#### [DATA FOR THIS TASK]
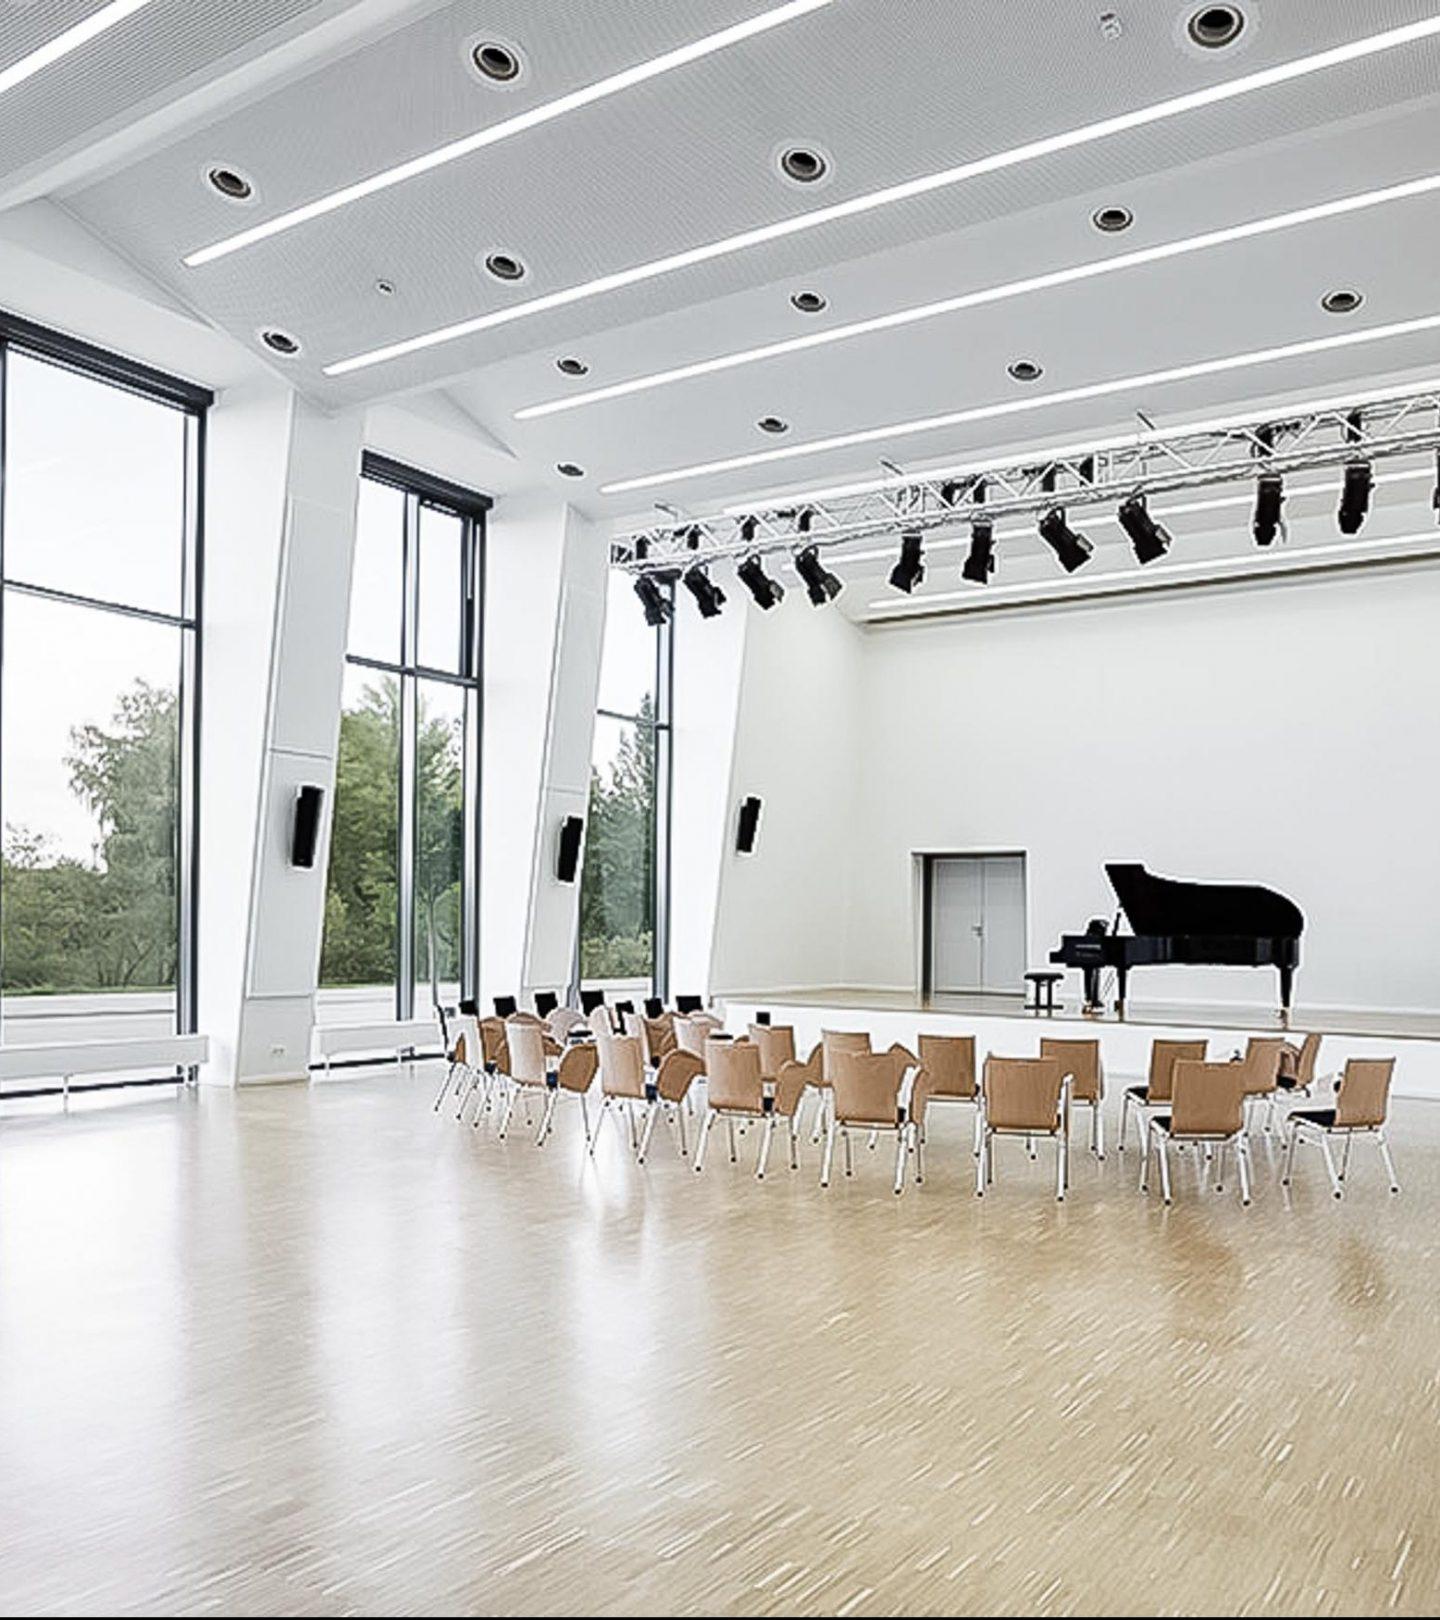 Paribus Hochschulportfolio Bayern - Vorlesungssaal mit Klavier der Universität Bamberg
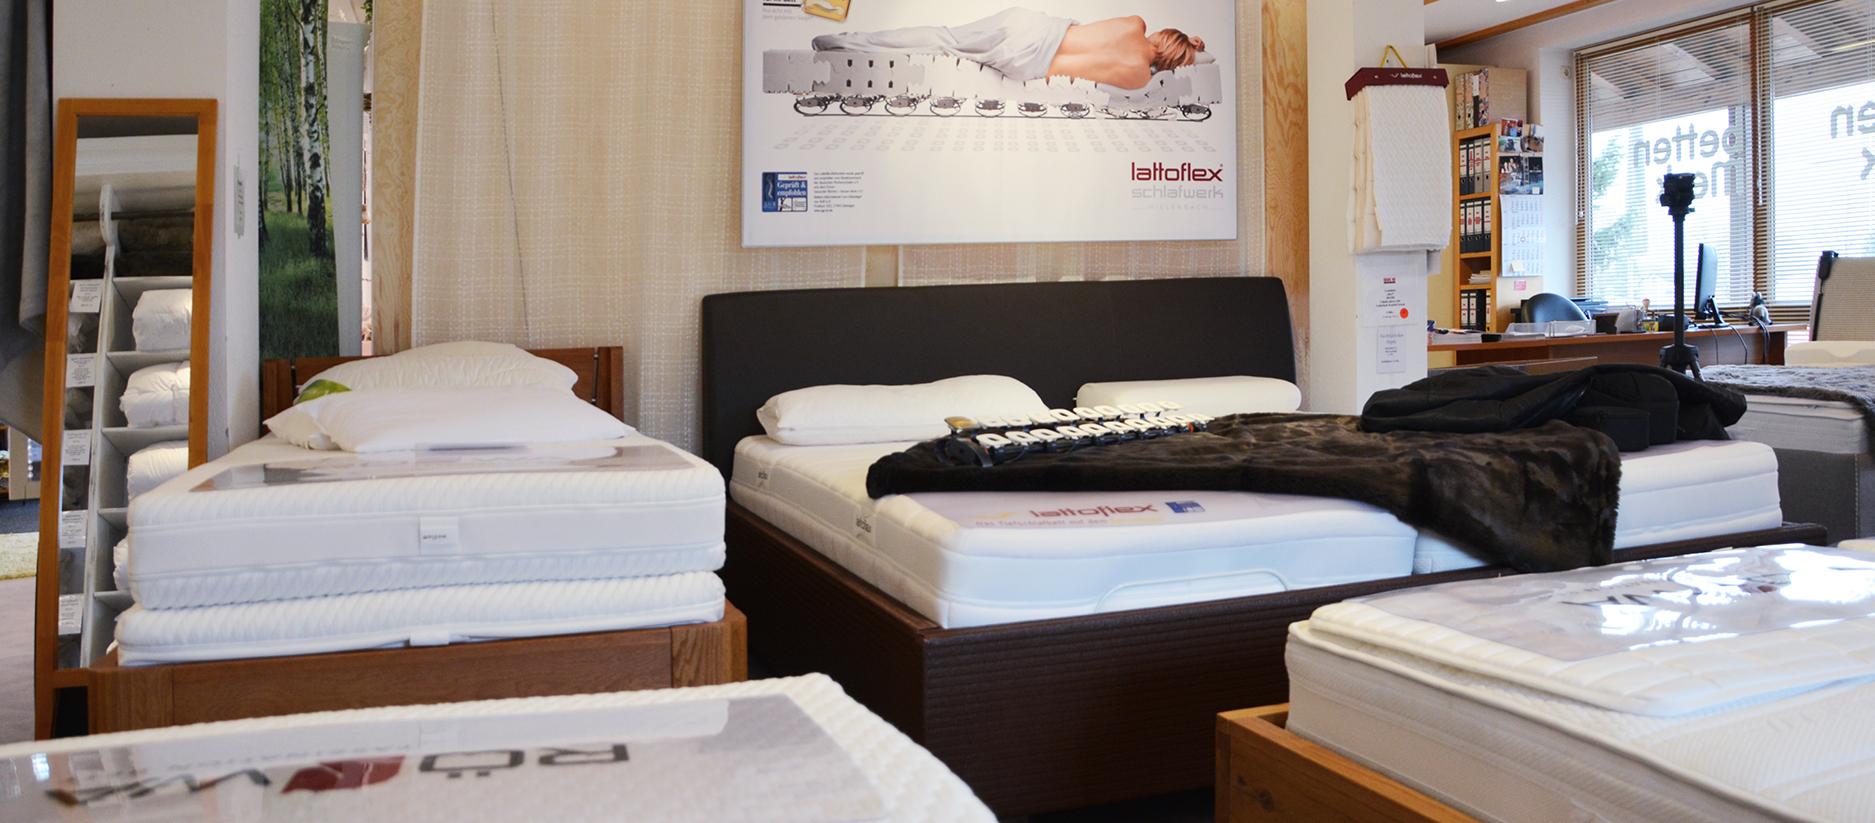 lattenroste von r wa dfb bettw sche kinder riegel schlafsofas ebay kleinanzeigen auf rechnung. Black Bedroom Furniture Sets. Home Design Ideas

--

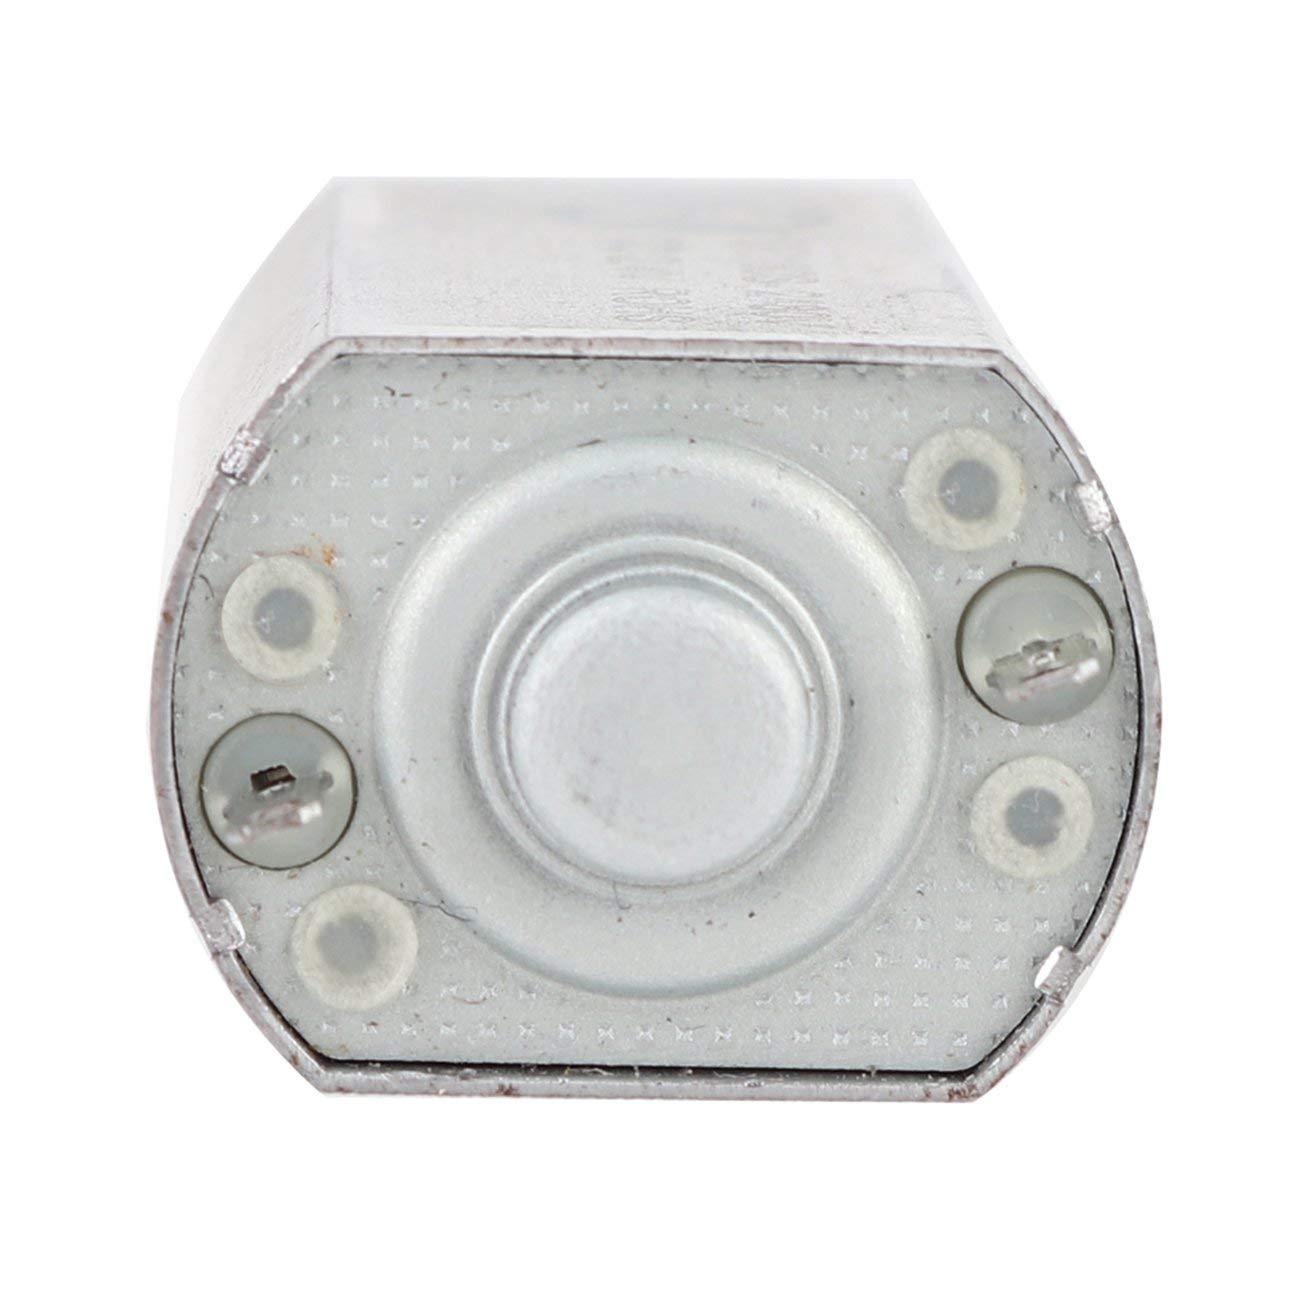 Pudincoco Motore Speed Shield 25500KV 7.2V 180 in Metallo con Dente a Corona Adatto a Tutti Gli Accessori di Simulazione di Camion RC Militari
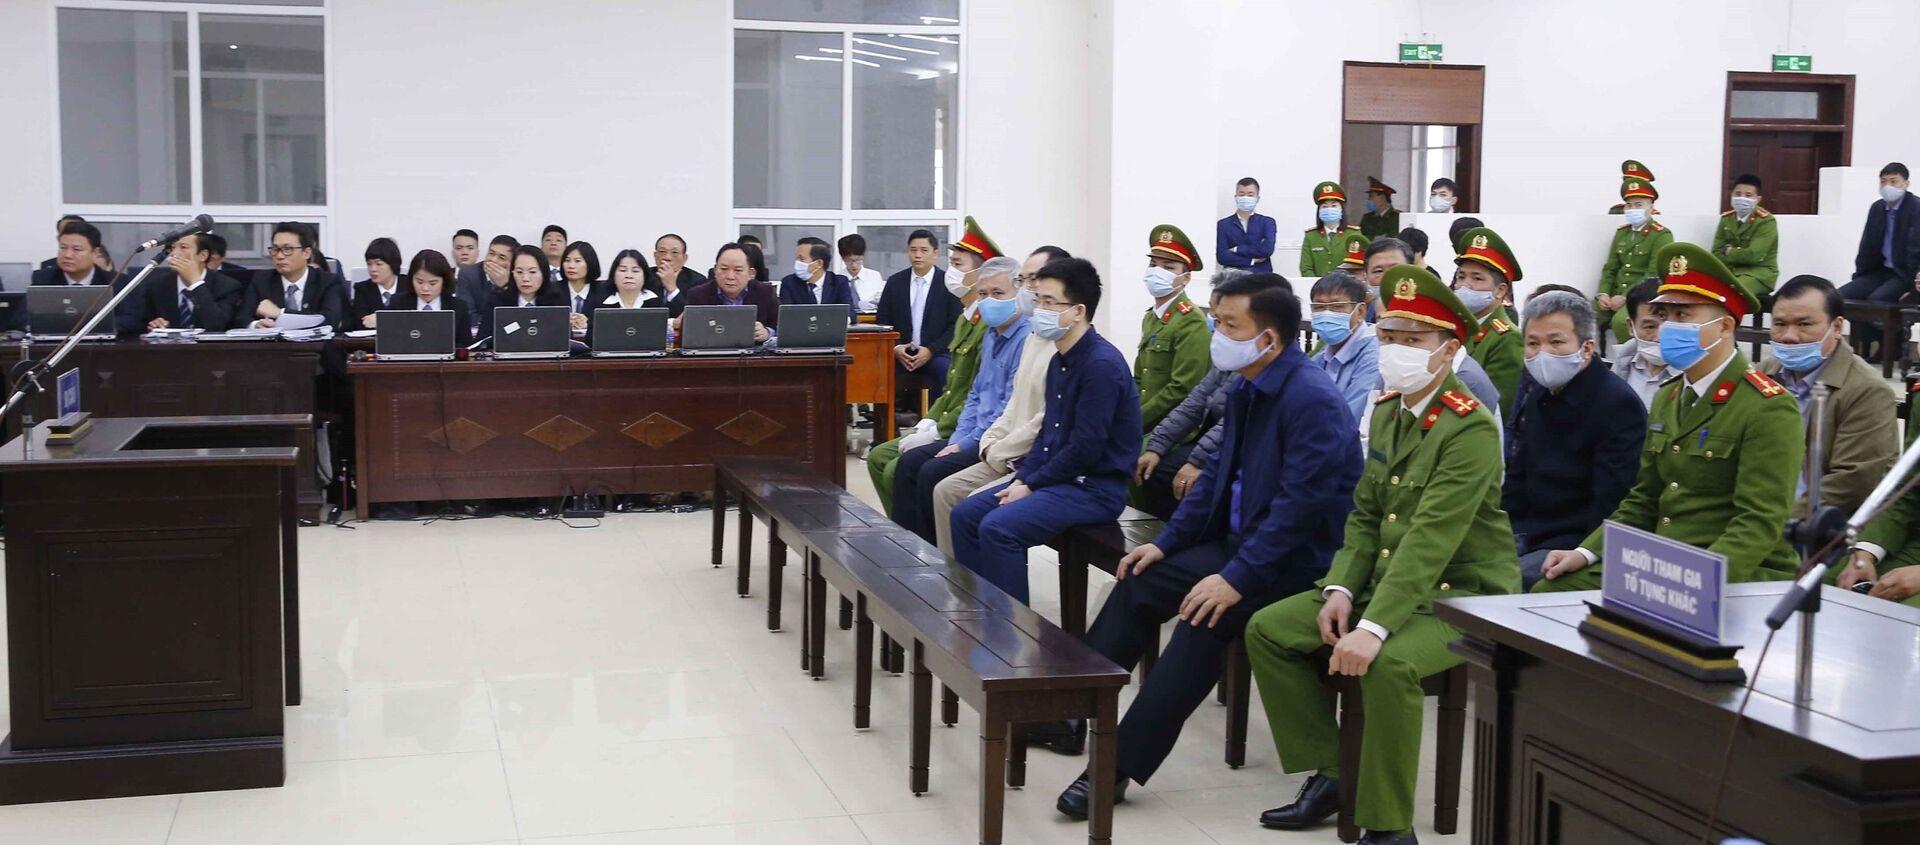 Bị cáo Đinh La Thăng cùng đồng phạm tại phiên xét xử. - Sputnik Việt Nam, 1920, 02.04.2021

* * *

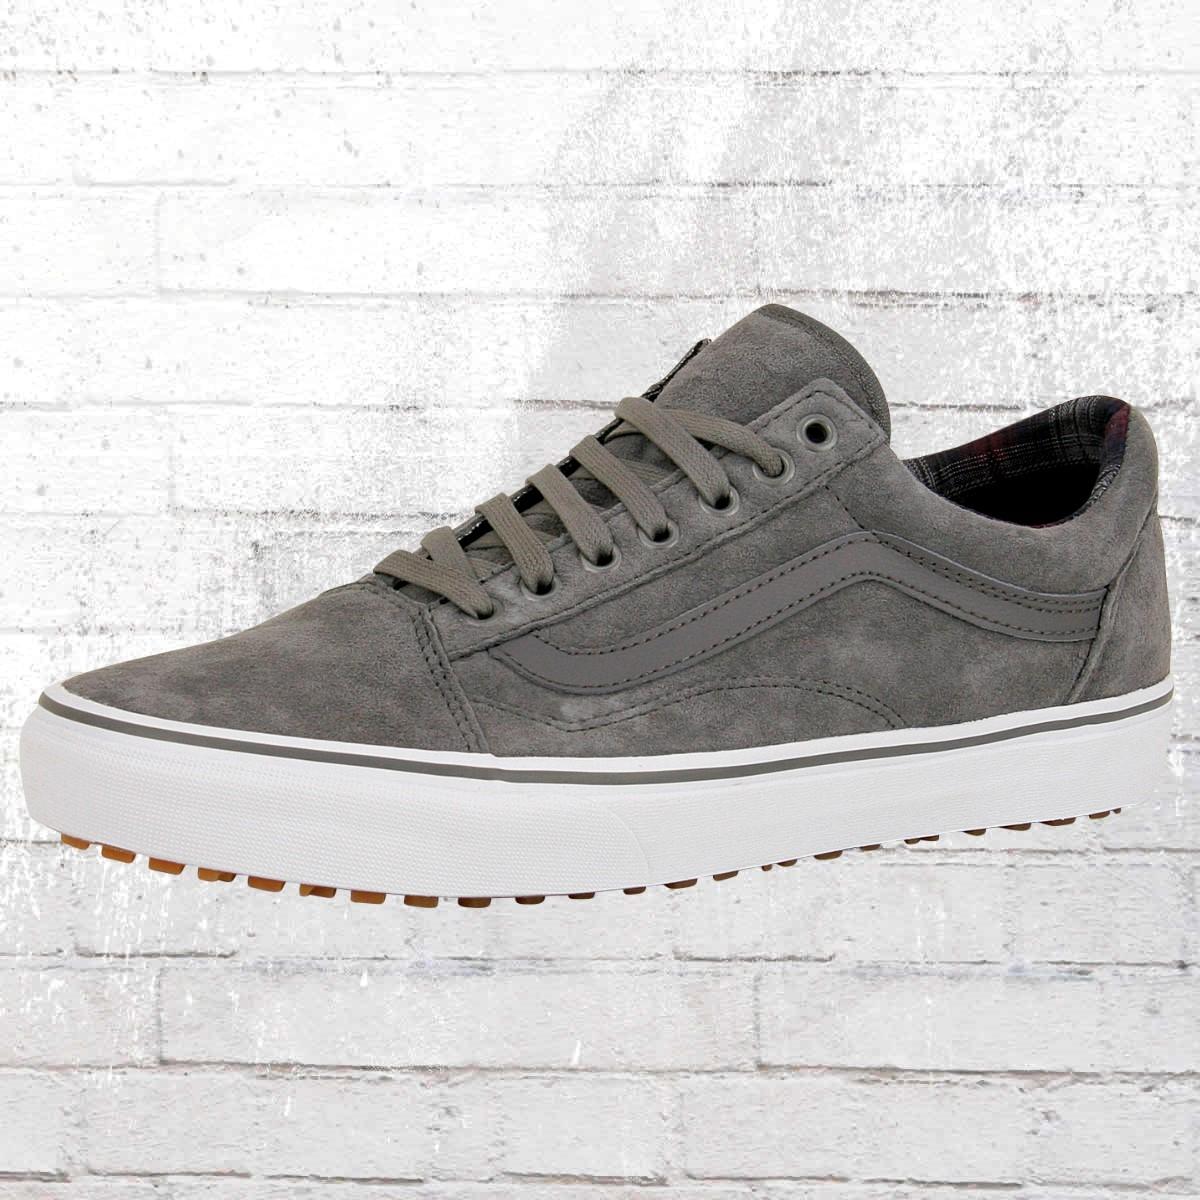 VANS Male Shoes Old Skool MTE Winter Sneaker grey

#### [REQUIRED WORK]
Your reply should consist solely of the lines above from the line containing "Pudincoco Motore Speed" up to and including the line containing "Bị cáo Đinh", reproduced exactly, minus the pictures.

#### [RESPONSE TO THIS EXERCISE]
 Pudincoco Motore Speed Shield 25500KV 7.2V 180 in Metallo con Dente a Corona Adatto a Tutti Gli Accessori di Simulazione di Camion RC Militari
 Bị cáo Đinh La Thăng cùng đồng phạm tại phiên xét xử. - Sputnik Việt Nam, 1920, 02.04.2021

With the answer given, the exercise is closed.